Un film di Woody Allen. Con Jim Belushi, Juno Temple, Justin Timberlake, Kate Winslet, Max Casella, Jack Gore. Drammatico, 101′. USA 2017

Coney Island, 1950. Le vite di quattro personaggi si intrecciano ai piedi della celebre ruota panoramica: quella dell’imbronciata e malinconica Ginny (Winslet), ex attrice emotivamente instabile, ora cameriera presso un modesto ristorante di pesce; di suo marito Humpty (Belushi), rozzo manovratore di giostre; del giovane Mickey  (Timberlake), un bagnino di bell’aspetto che coltiva aspirazioni da commediografo; e della ribelle  Carolina (Temple), la figlia che Humpty non ha visto per molto tempo e che ora è costretta a nascondersi nell’appartamento del padre per sfuggire a un gruppo di spietati gangster che le dà la caccia.

 

A un anno di distanza da “Café Society”, Woody Allen torna dietro la macchina da presa con un esile dramma che trova nella suggestiva ambientazione anni ’50 il suo vero punto di forza. Interamente immerso nel coloratissimo microcosmo di una fiabesca Coney Island tanto sfarzosa quanto limitante, “La ruota delle meraviglie” diviene un’assordante metafora del disordine interiore e dell’instabilità emotiva.

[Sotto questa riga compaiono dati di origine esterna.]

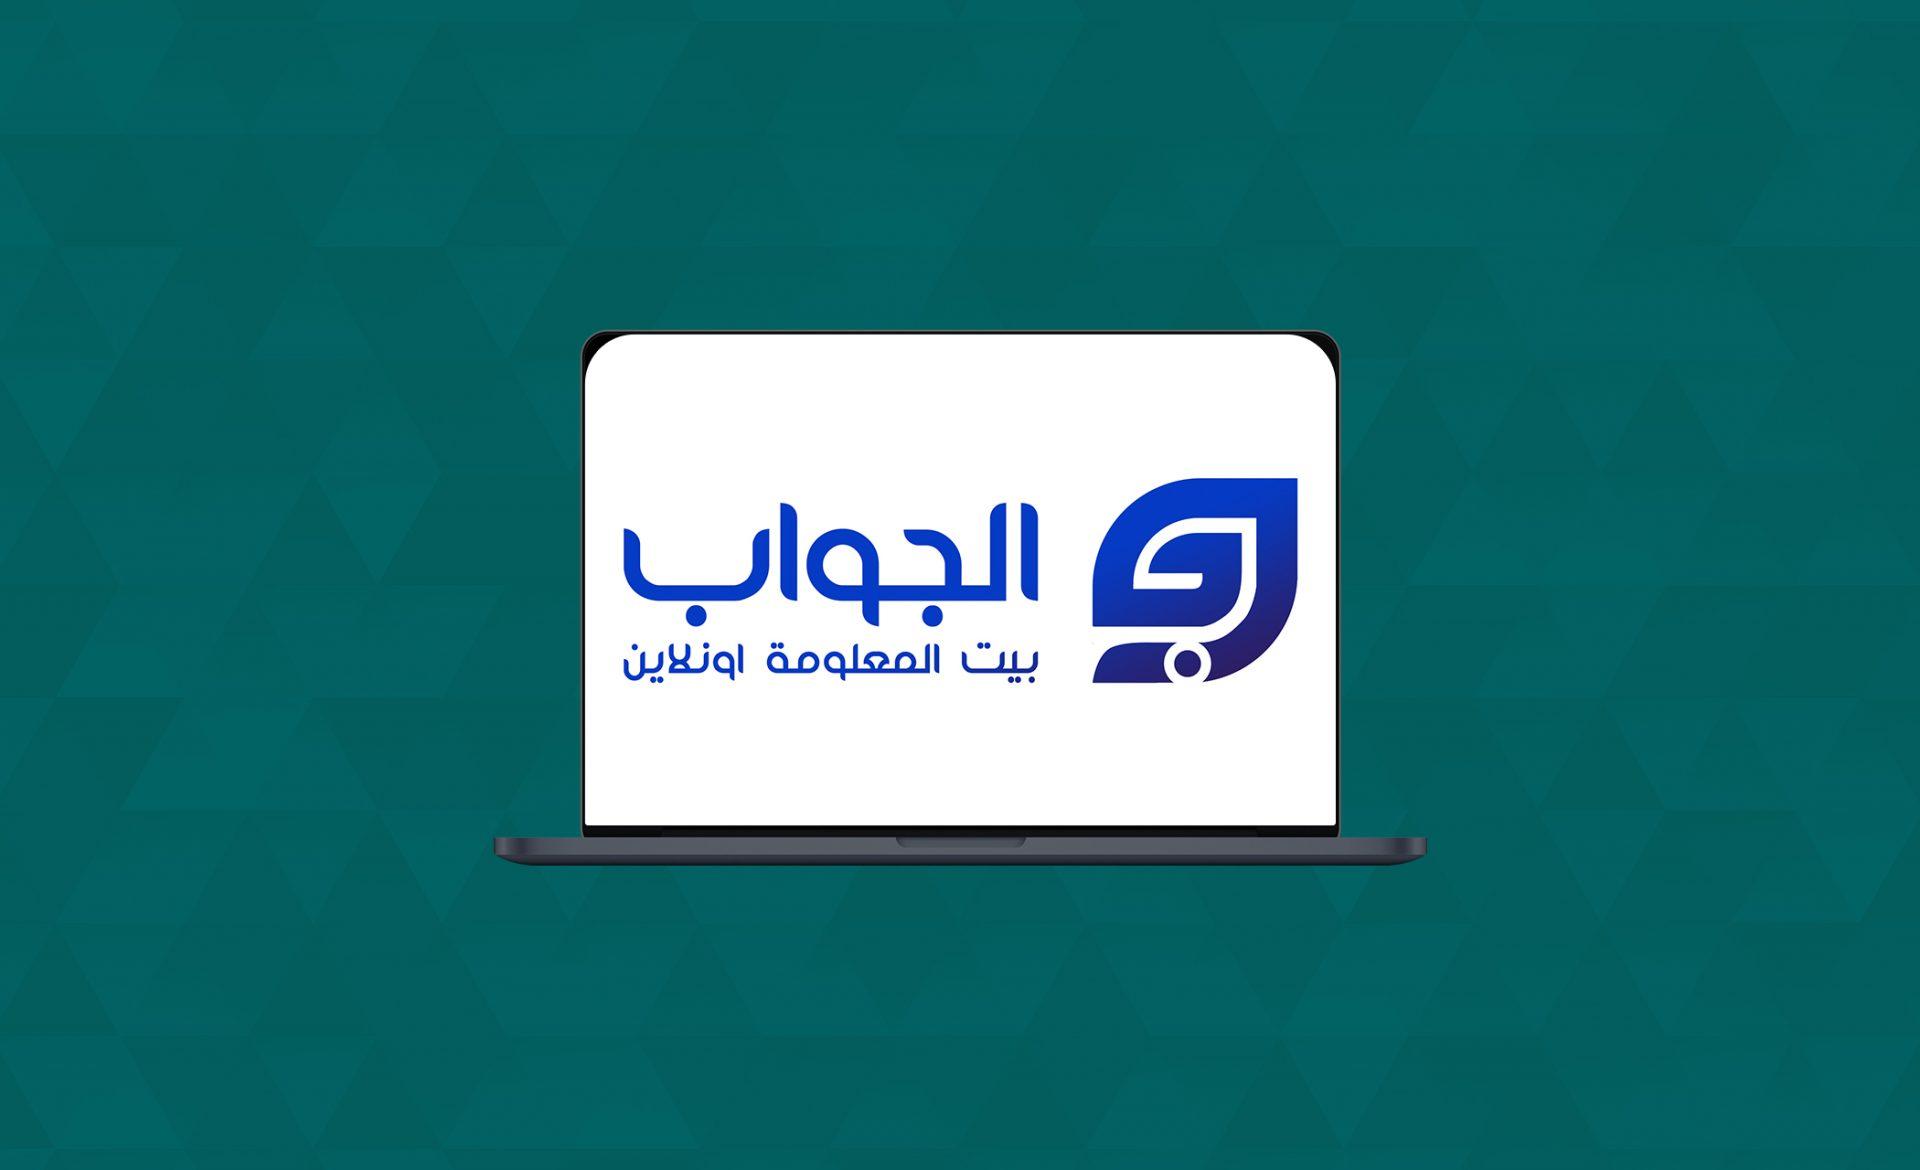 EL GAWAB Logo

Nel cuore di questo incessante frastuono si consumano incolori le giornate di Ginny, interpretata da una Kate Winslet in stato di grazia: l’attrice diventa ora una sciatta Norma Desmond, ora un’ossessiva Madame Bovary, infine, una Medea postmoderna senza rimorsi. Una performance disperatamente travolgente e mai sopra le righe per un personaggio spinoso, difficile da mettere in scena in maniera credibile.

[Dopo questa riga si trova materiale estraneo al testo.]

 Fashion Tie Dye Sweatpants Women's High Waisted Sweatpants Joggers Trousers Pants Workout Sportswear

Si potrà sostenere che i film di Allen continuano da anni a ruotare attorno ai medesimi temi (necessità delle illusioni, desideri infranti, amori e infedeltà), ma altrettanto innegabile è che il cineasta newyorchese sa rappresentarli attraverso sempre nuove suggestioni visive e sonore, e inedite cornici narrative.

“La ruota delle meraviglie” si configura come spietata elegia delle debolezze umane. Vanità, invidia e assuefazione sono solo alcuni dei violenti sentimenti che il cinico genio dell’ironia fa irrompere sullo schermo, di fronte agli occhi avidi e increduli dello spettatore.

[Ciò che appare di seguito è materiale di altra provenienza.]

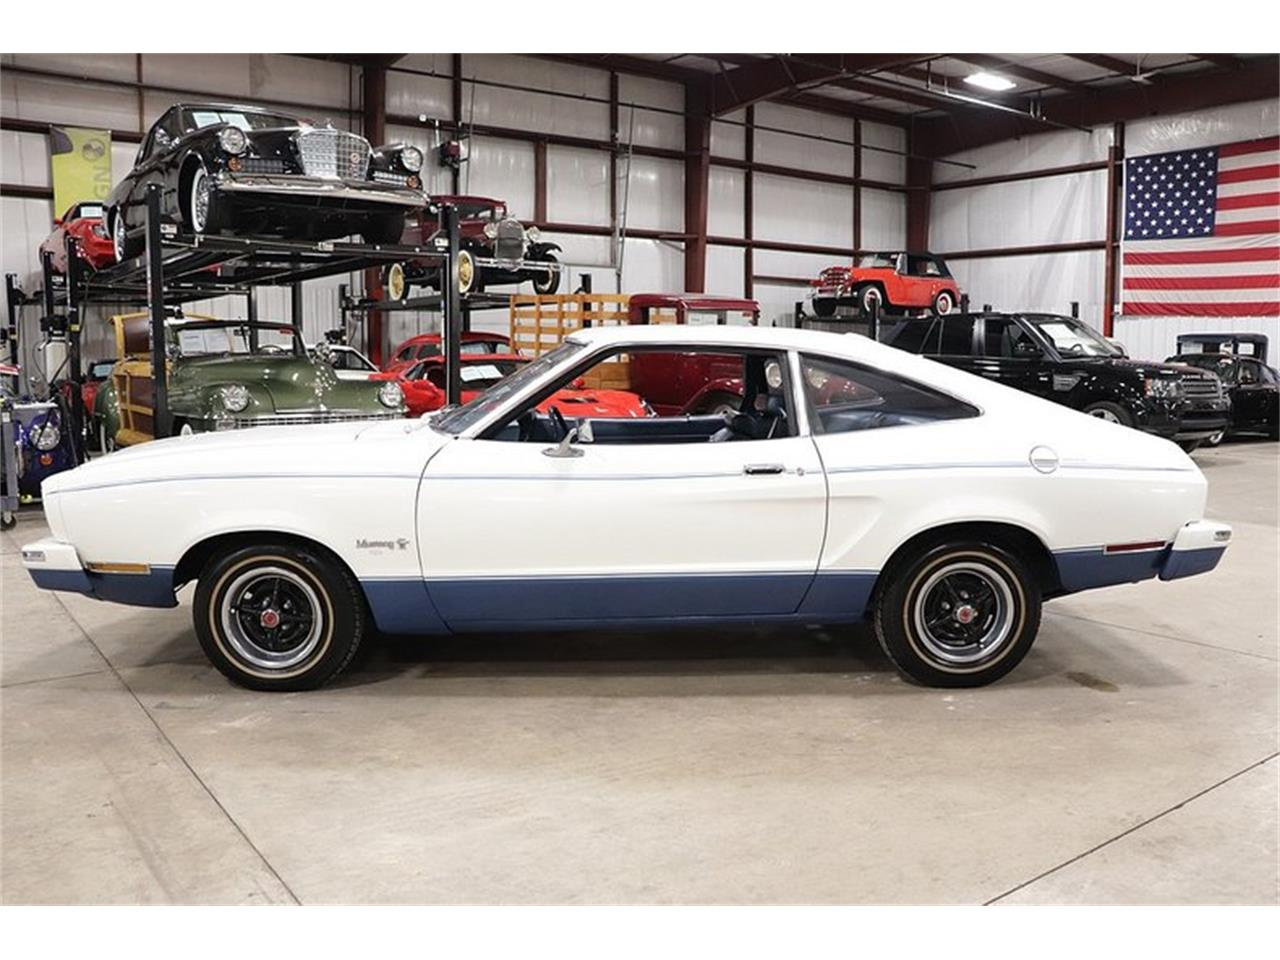 1976 Ford Mustang Ii Cobra For Sale Classiccarscom Cc 1168228

Il consueto pessimismo di Allen, con l’immancabile personaggio che sceglie il male perché incapace di affrontare le conseguenze del fallimento e dell’errore, qui non dà vita a un quesito filosofico razionale, non salva e non condanna.

La sconfitta dei personaggi è senza appello e manca anche quel minimo di consolazione presente nei precedenti film. Non c’è umorismo né un briciolo di rivalsa professionale che tenga i protagonisti a galla. Qui affondano tutti.